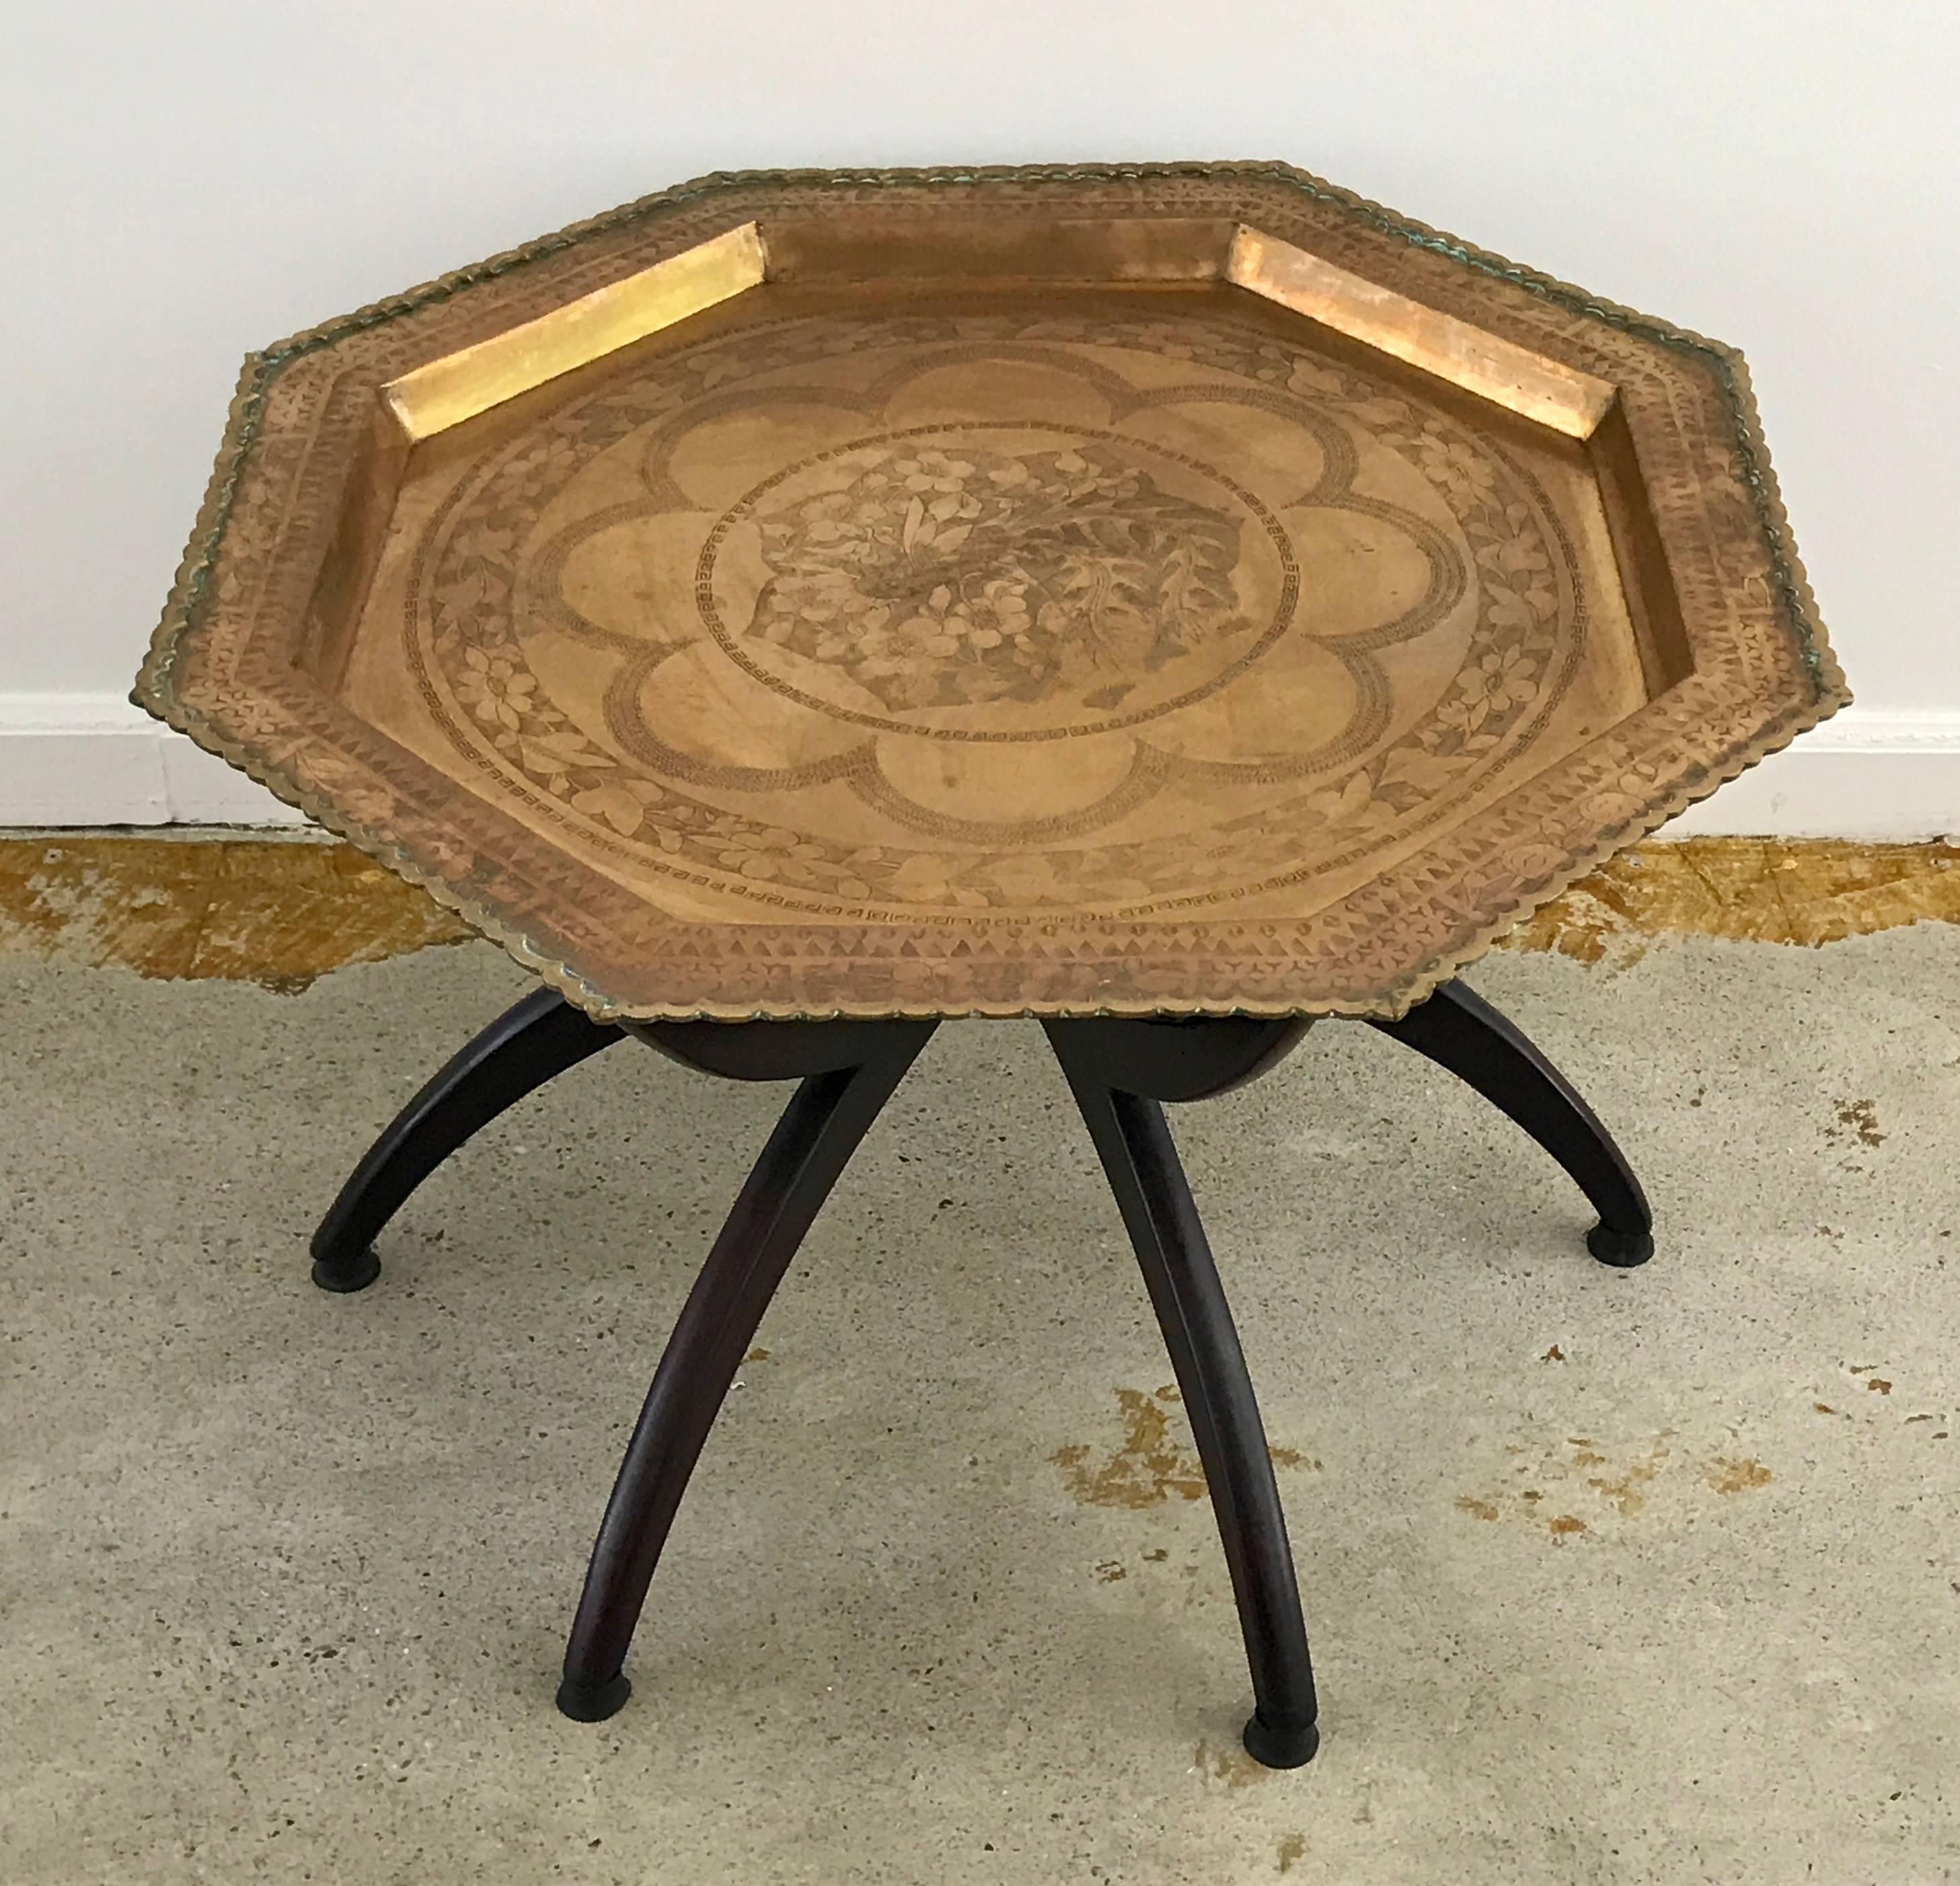 Beautifully detailed brass top tray table that rests on spider leg stand, circa 1950s. The octagon shaped tray is hand-etched and very intricate in detail. This piece was made in Hong Kong, unlike the mass produced trays from India and Morocco.
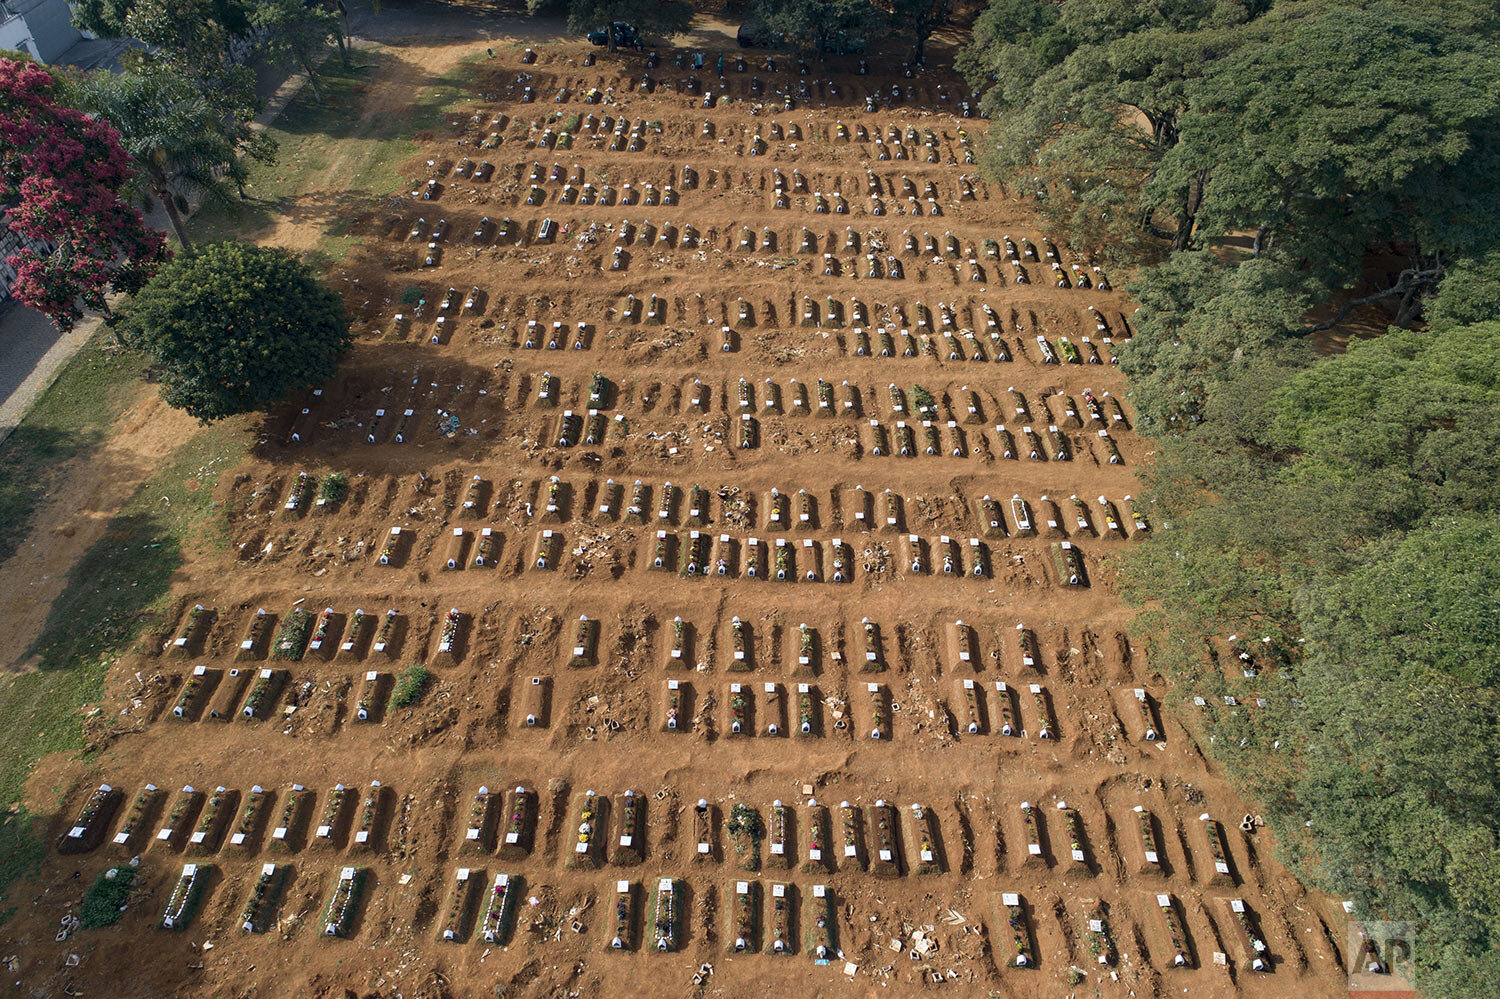  The graves of those who have died during the previous weeks fill the Vila Formosa cemetery, during the new coronavirus pandemic in Sao Paulo, Brazil, Thursday, April 30, 2020. (AP Photo/Andre Penner) 
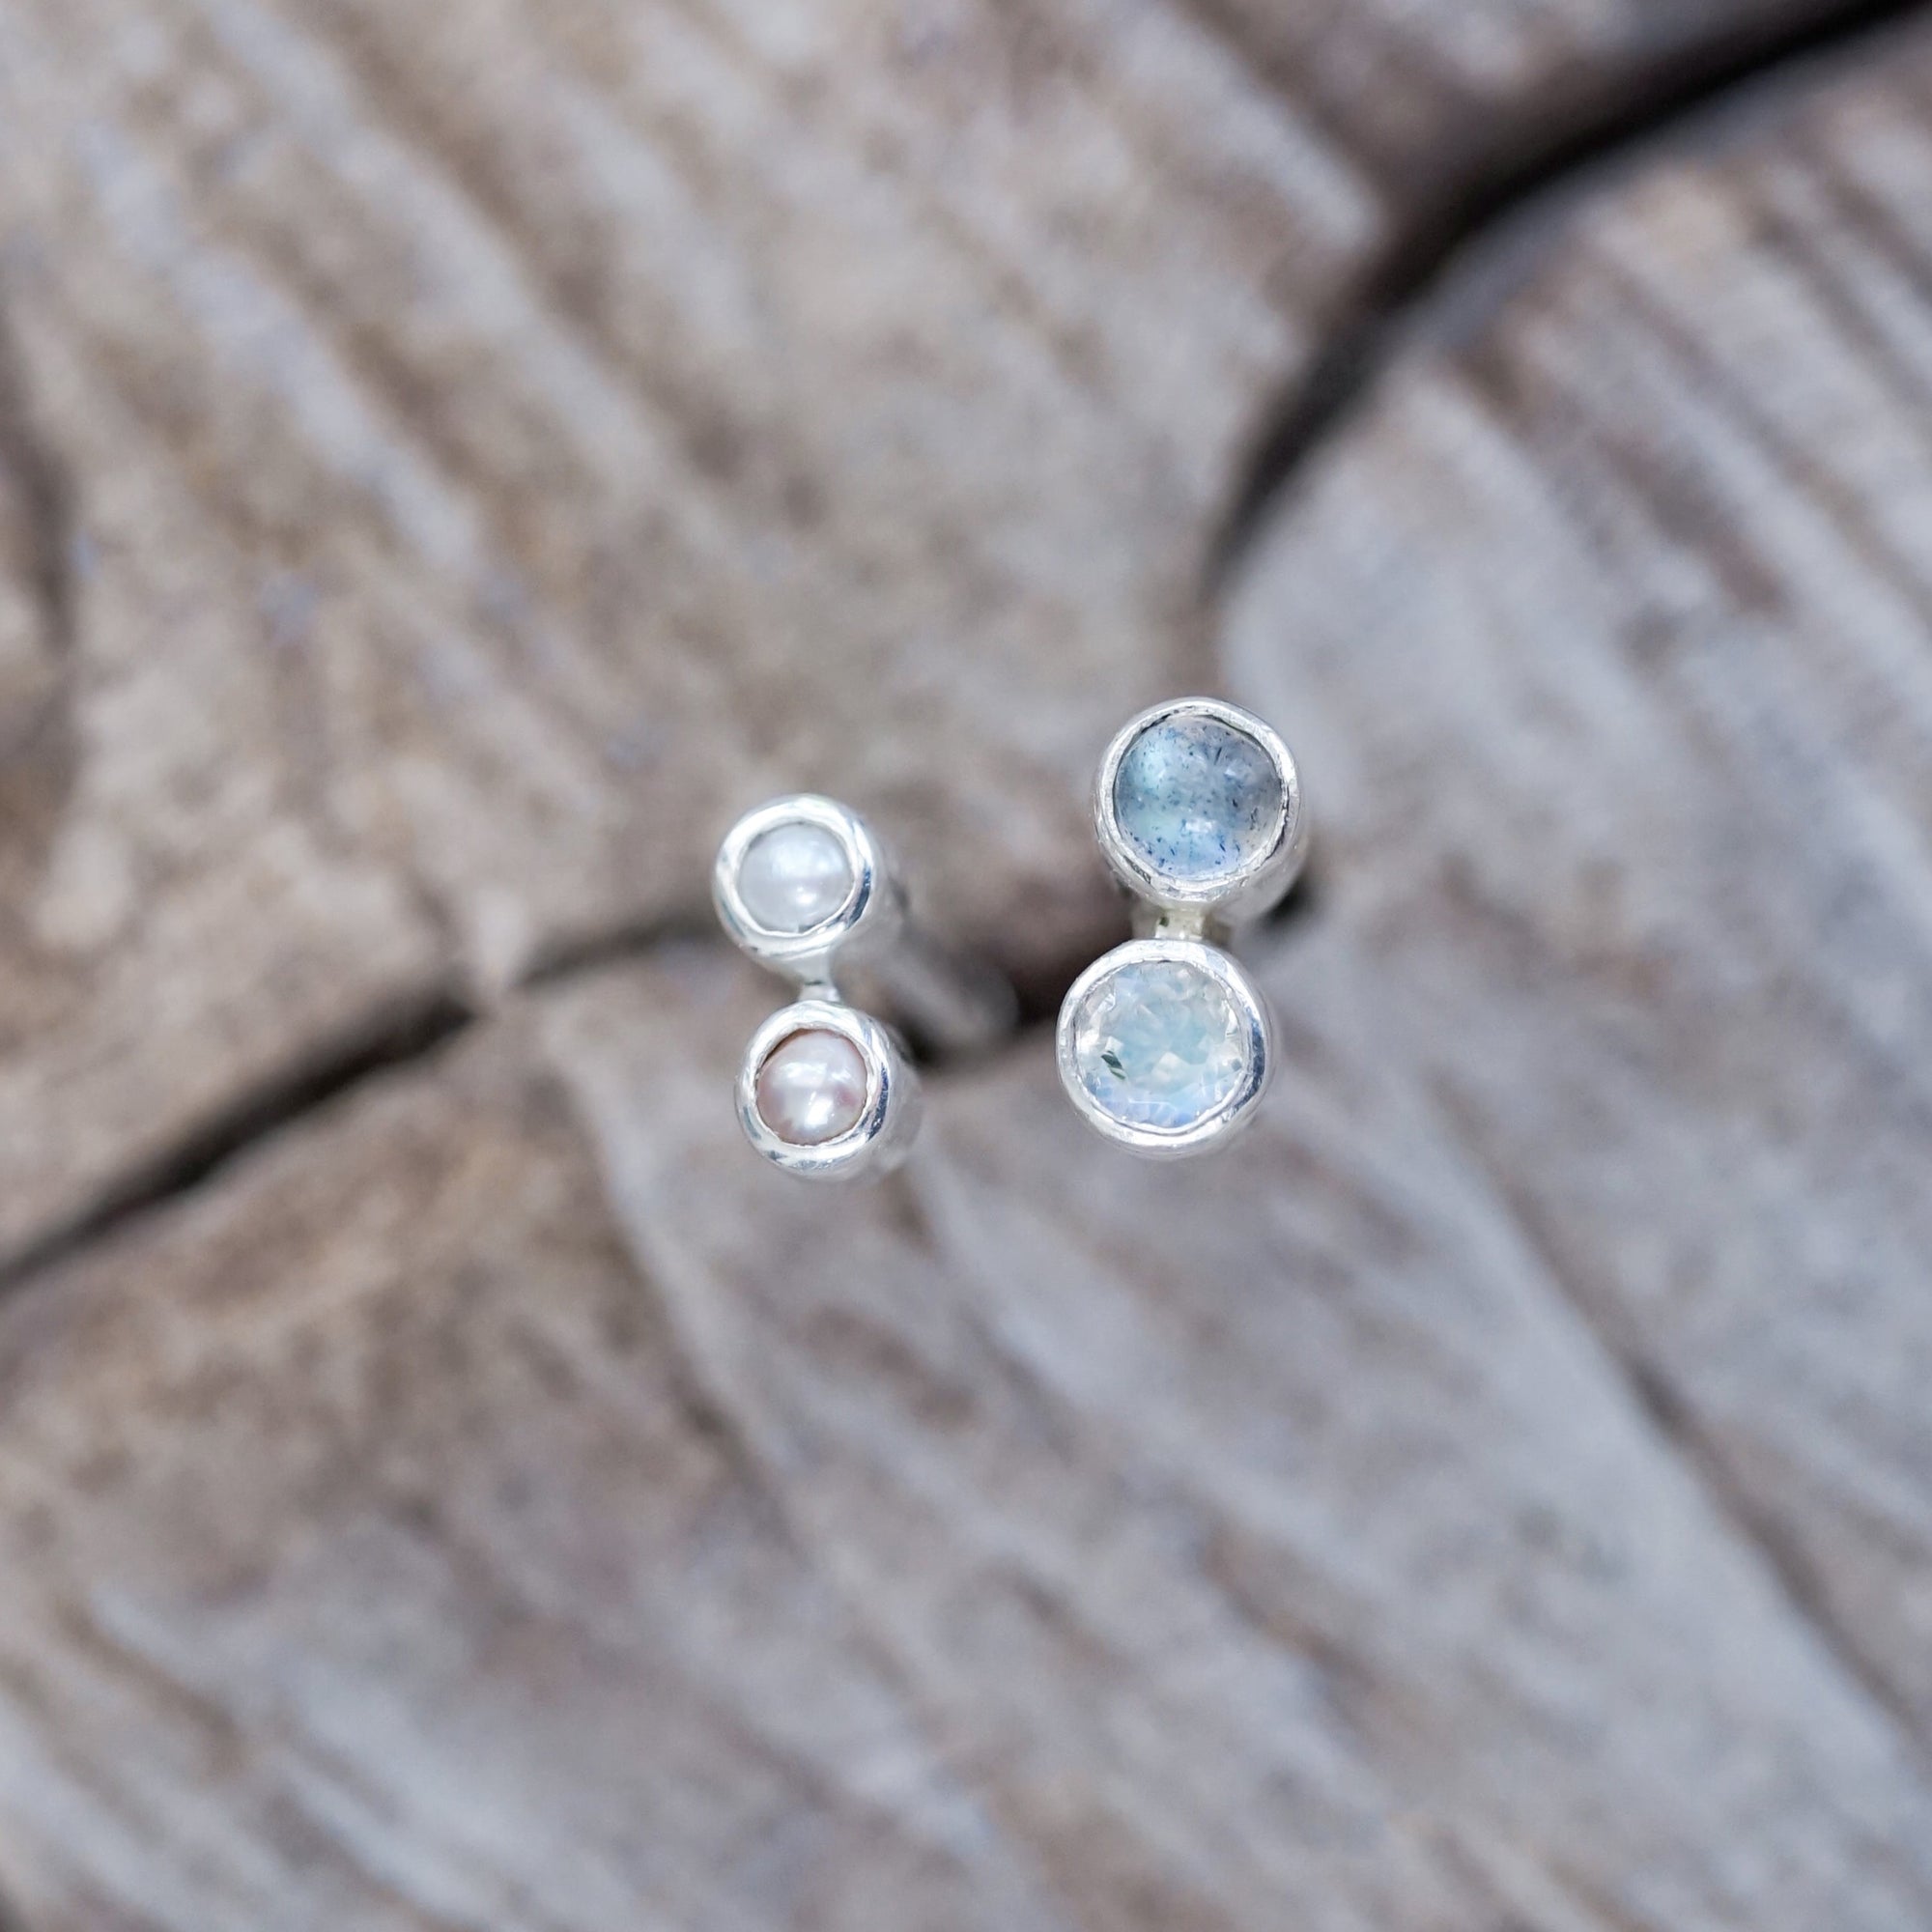 Labradorite, Pearl and Moonstone Earrings - Gardens of the Sun | Ethical Jewelry

************

▸ **WORK REQUIRED**:
From the material above, reproduce everything verbatim except the pictures.

▸ **ANSWER BOX**:
 Beautifully detailed brass top tray table that rests on spider leg stand, circa 1950s. The octagon shaped tray is hand-etched and very intricate in detail. This piece was made in Hong Kong, unlike the mass produced trays from India and Morocco.
  The graves of those who have died during the previous weeks fill the Vila Formosa cemetery, during the new coronavirus pandemic in Sao Paulo, Brazil, Thursday, April 30, 2020. (AP Photo/Andre Penner) 
 Labradorite, Pearl and Moonstone Earrings - Gardens of the Sun | Ethical Jewelry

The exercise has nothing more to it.